Judeo-Italian: Italian Dialect or Jewish Language?
The answer is both, of course. Judeo-Italian is an Italian dialect, or rather, a group of Italian dialects, varying from one part of Italy to another, but containing a number of words of Hebrew origin and a few lexical items from other sources. Most of the vocabulary is Italian; most of the grammatical rules may be found somewhere in the complex system of Italian dialects.
Judeo-Italian is also a Jewish language, like Yiddish, Ladino, Judeo-Persian, etc. It was written in the Hebrew alphabet for most of its history. As in all Jewish languages, words for items connected in some way with religion come from Hebrew: According to the orthographic system used by Bene Kedem (1932), following Italian orthographic practices but with the addition of ch for the voiceless velar fricative and ' for the velar nasal consonant, we find sciabad or sciabadde 'sabbath', chadan 'groom', cala 'bride', ta'anid 'fast day', all of which have analogs in Yiddish, using the standard YIVO transcription system: (shabes, khosn, kale, tones).
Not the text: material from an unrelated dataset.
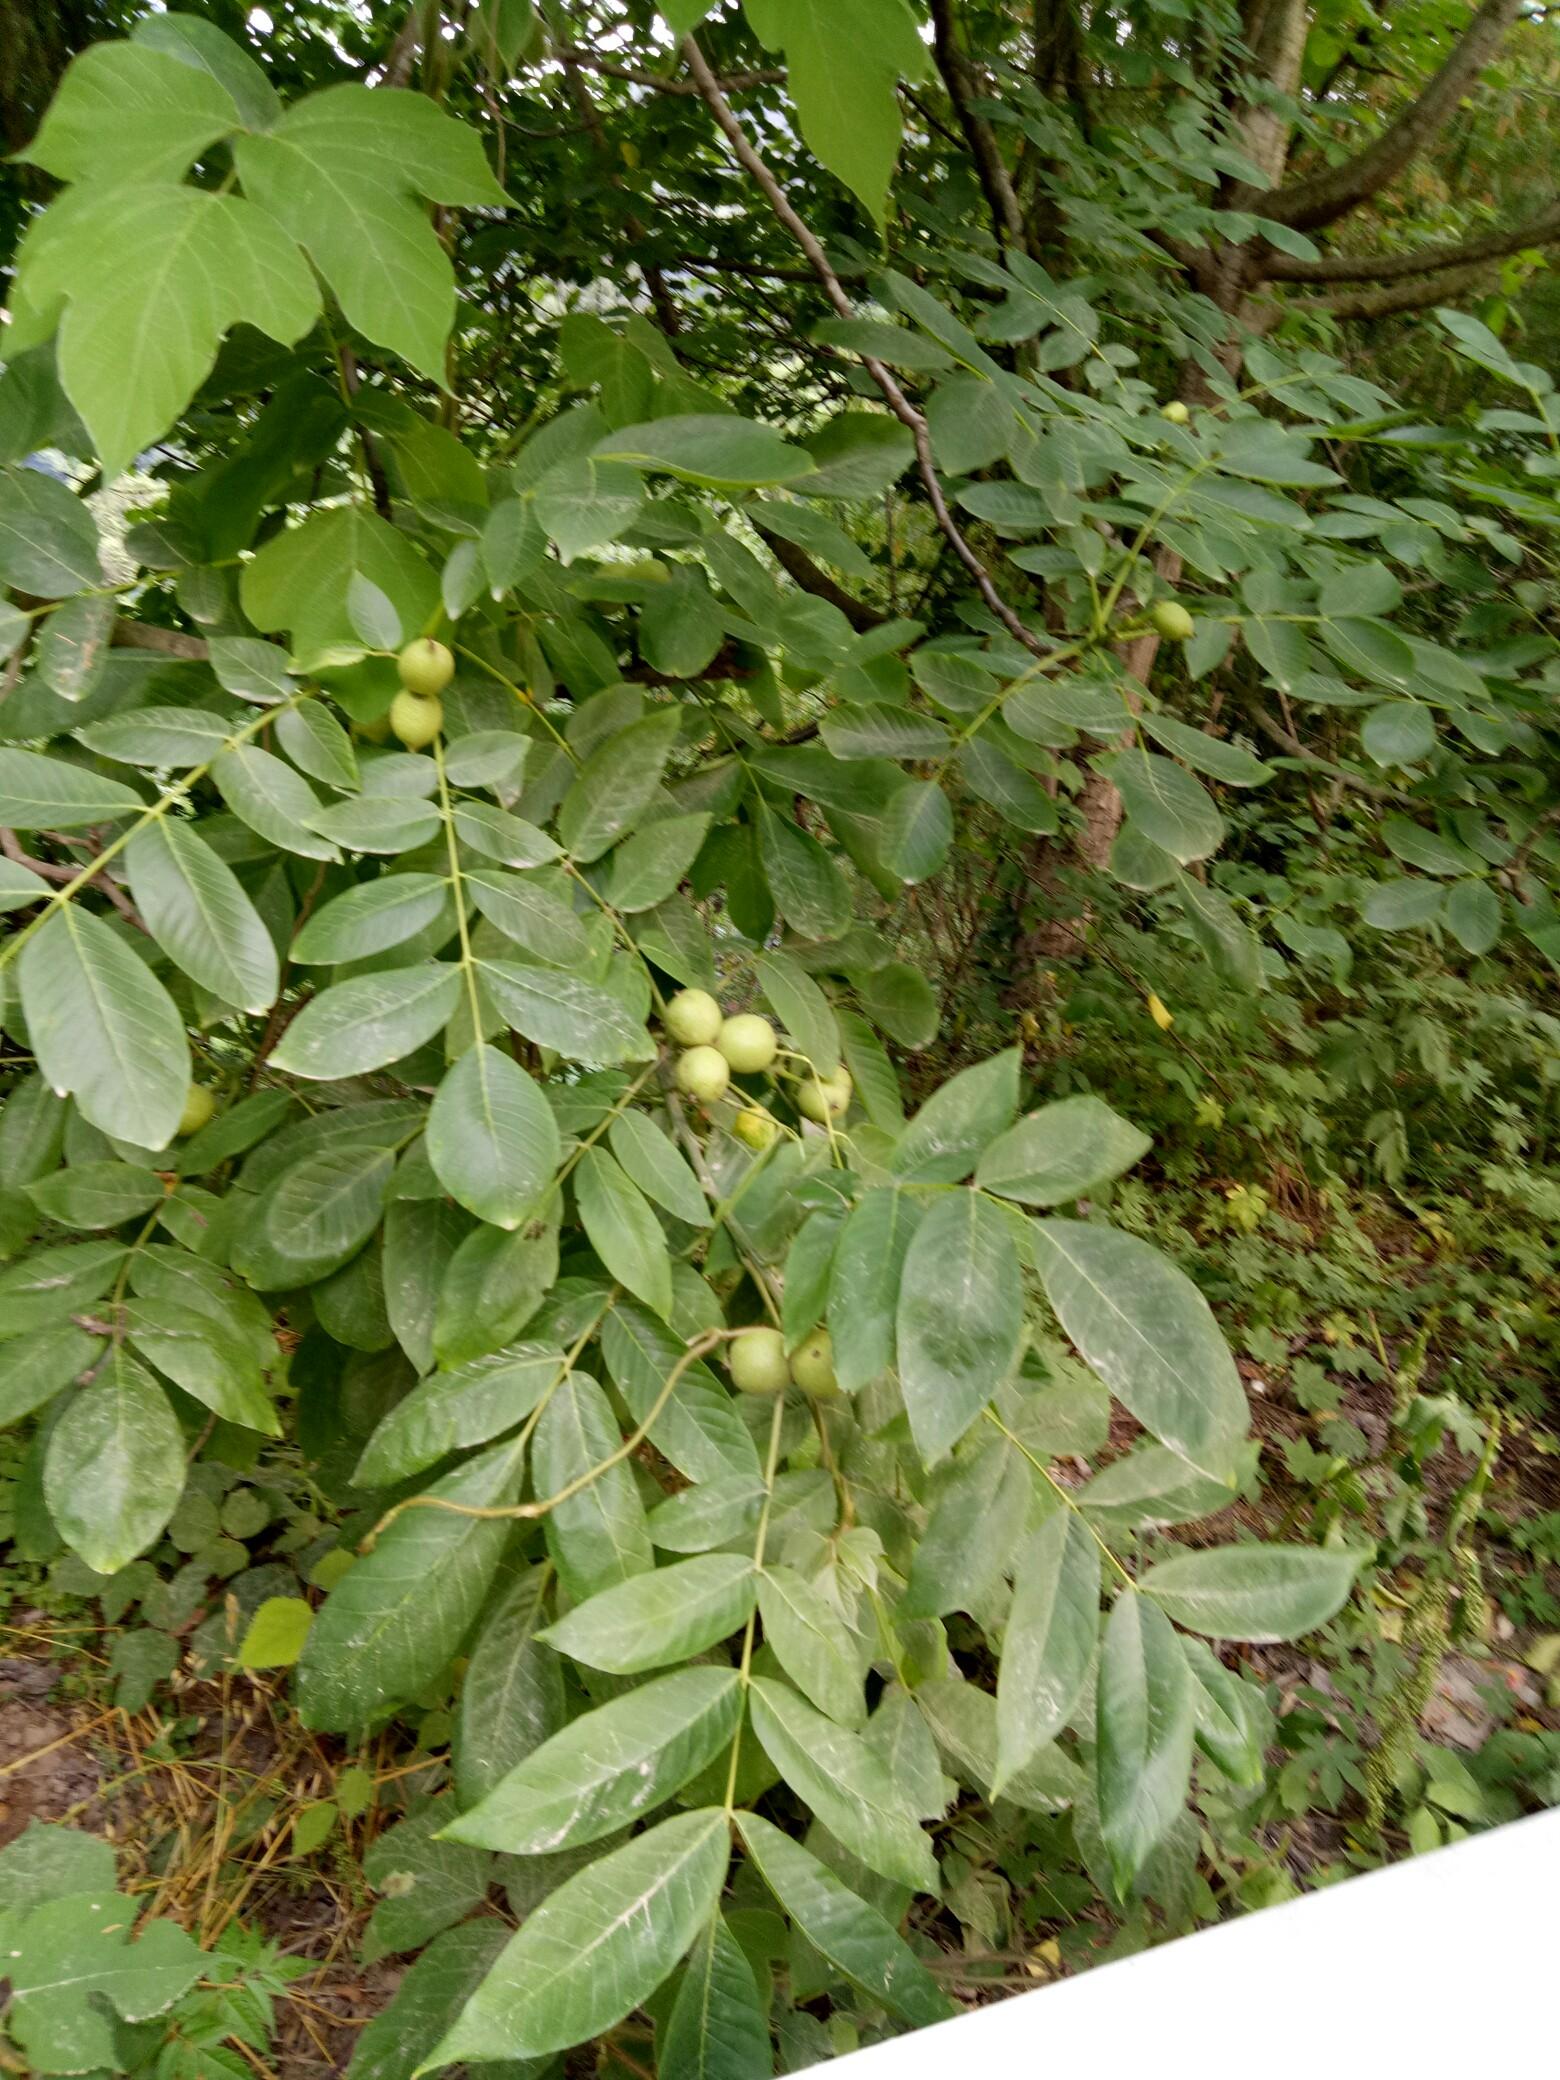 核桃树可以看见的果实,一如青涩的年华

The Judeo-Italian word for synagogue is scola generally distinguished from scuola 'school', just as Standard Yiddish distinguishes shil 'synagogue' from shul 'school'(Many, perhaps most, Yiddish dialects do not make this distinction.) In the United States, a new distinction has arisen in the English of East European Jews: shul and not shil is 'synagogue', which is distinguished from school, simply the English word.
A fusion language, the stock of which was mostly Greek, but in which the "mistakes" vis-a-vis standard Greek are systematized, and it is therefore necessary to speak of a separate language of Jews, however similar to Greek. (Weinreich 1980, 62)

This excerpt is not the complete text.